» RECORDED DATA:
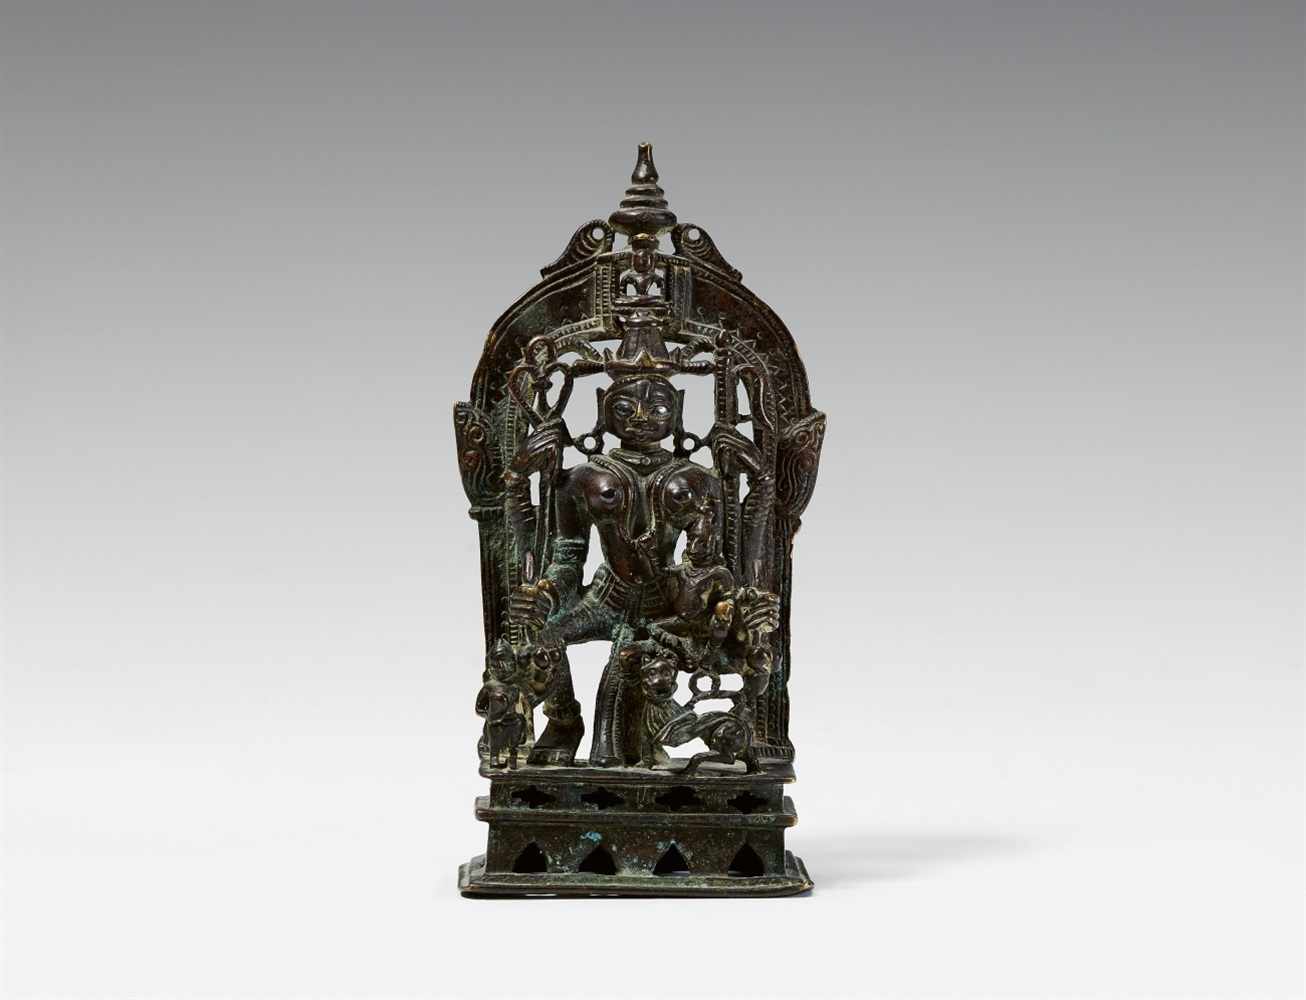 Jain-Altar der Ambika. Bronze mit Einlagen aus Silber. Gujarat/Rajasthan. Datiert 1501 Ambika
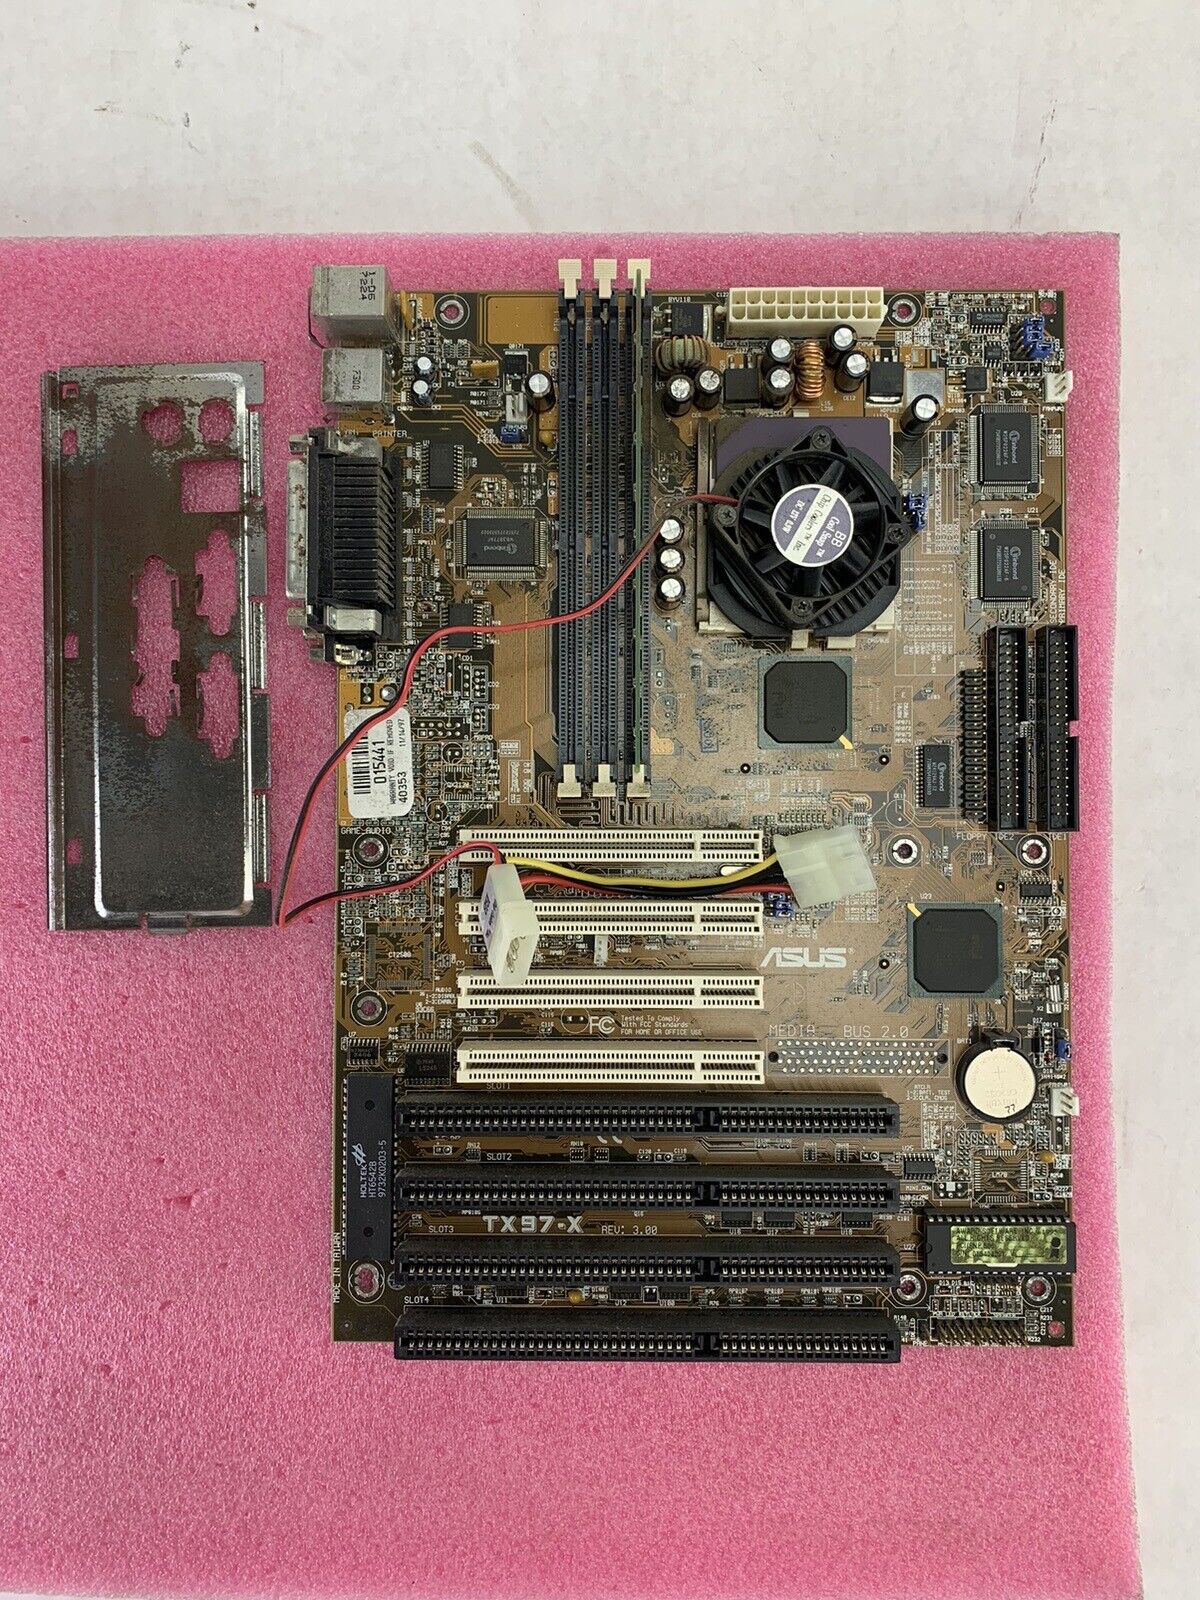 Asus TX97-X Motherboard Intel Pentium MMX 166MHz 16MB RAM w/Shield
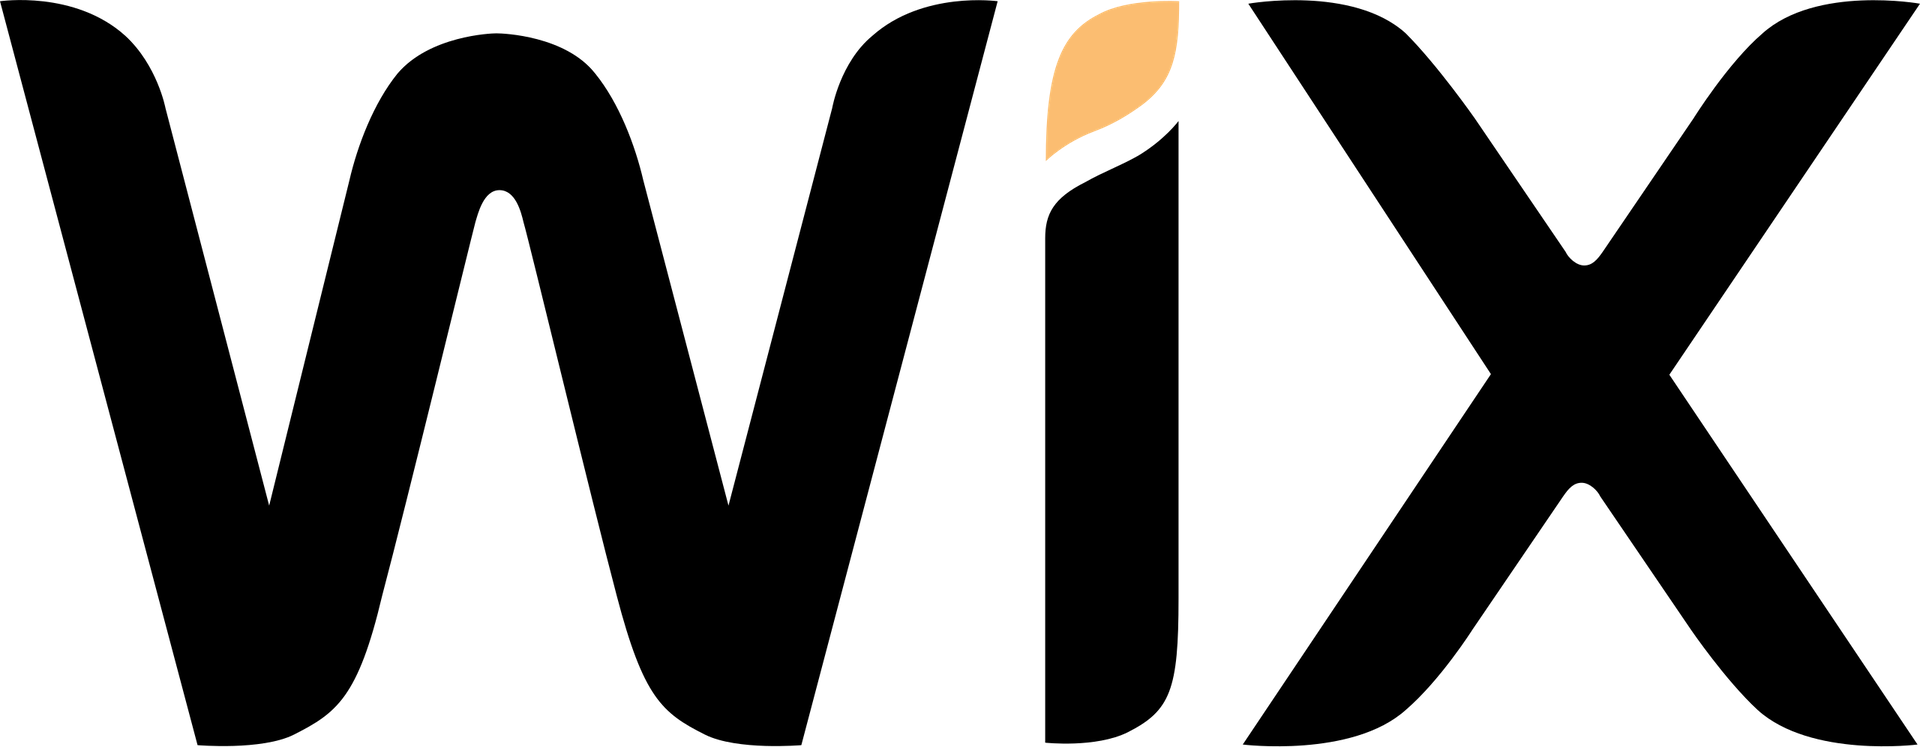 Image of Wix logo.
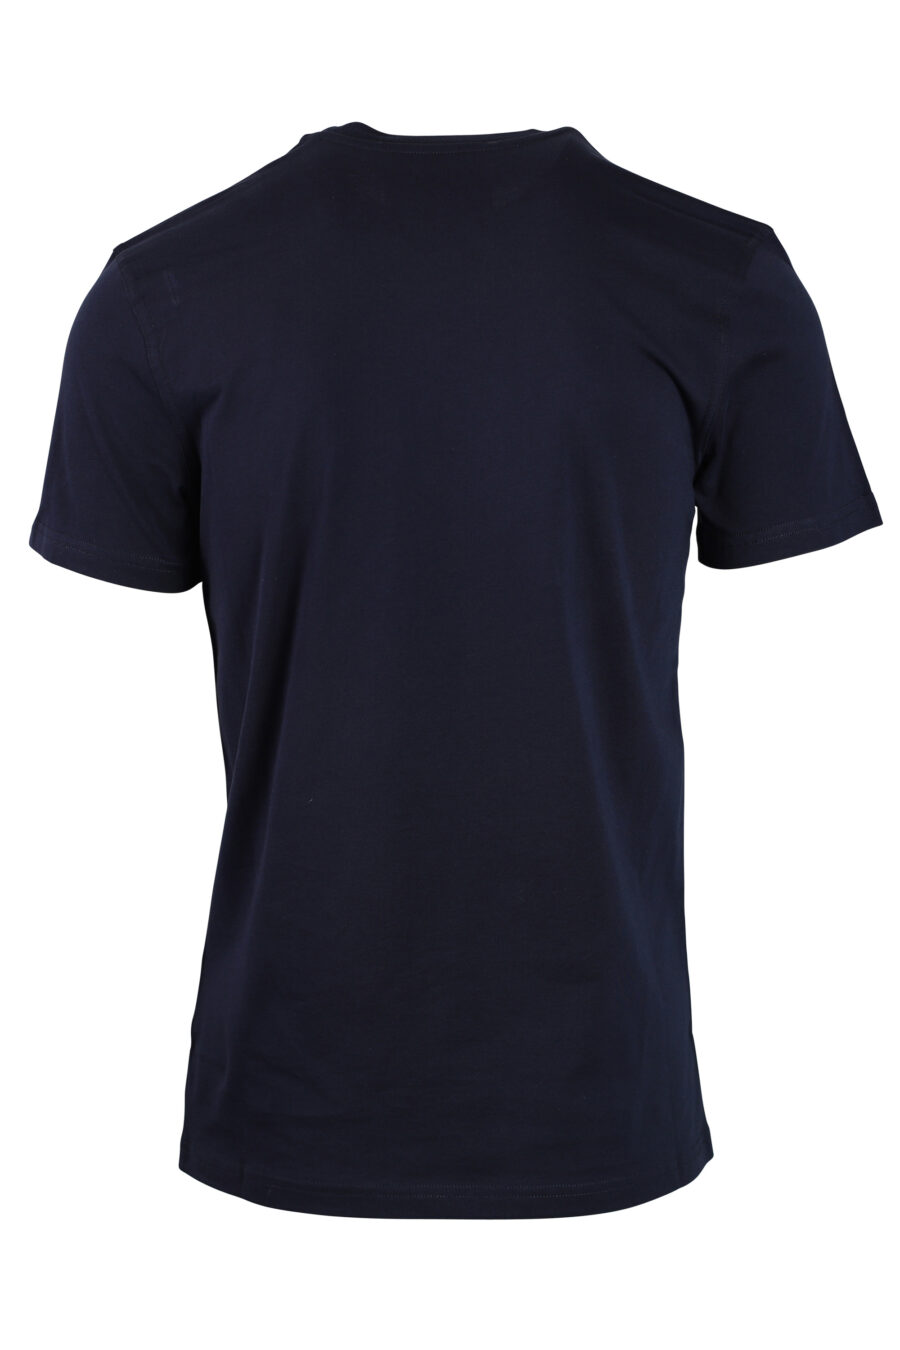 Camiseta azul oscura con maxilogo oso monocromático - 667112914566 2

» WHAT YOU SHOULD DO:
From the material above, write out exactly the lines from the line with "Asus TX97-X Motherboard" through the closing line, inclusive, and no pictures.

» RESPONSE AREA:
 Asus TX97-X Motherboard Intel Pentium MMX 166MHz 16MB RAM w/Shield
 Image of Wix logo.
 Camiseta azul oscura con maxilogo oso monocromático - 667112914566 2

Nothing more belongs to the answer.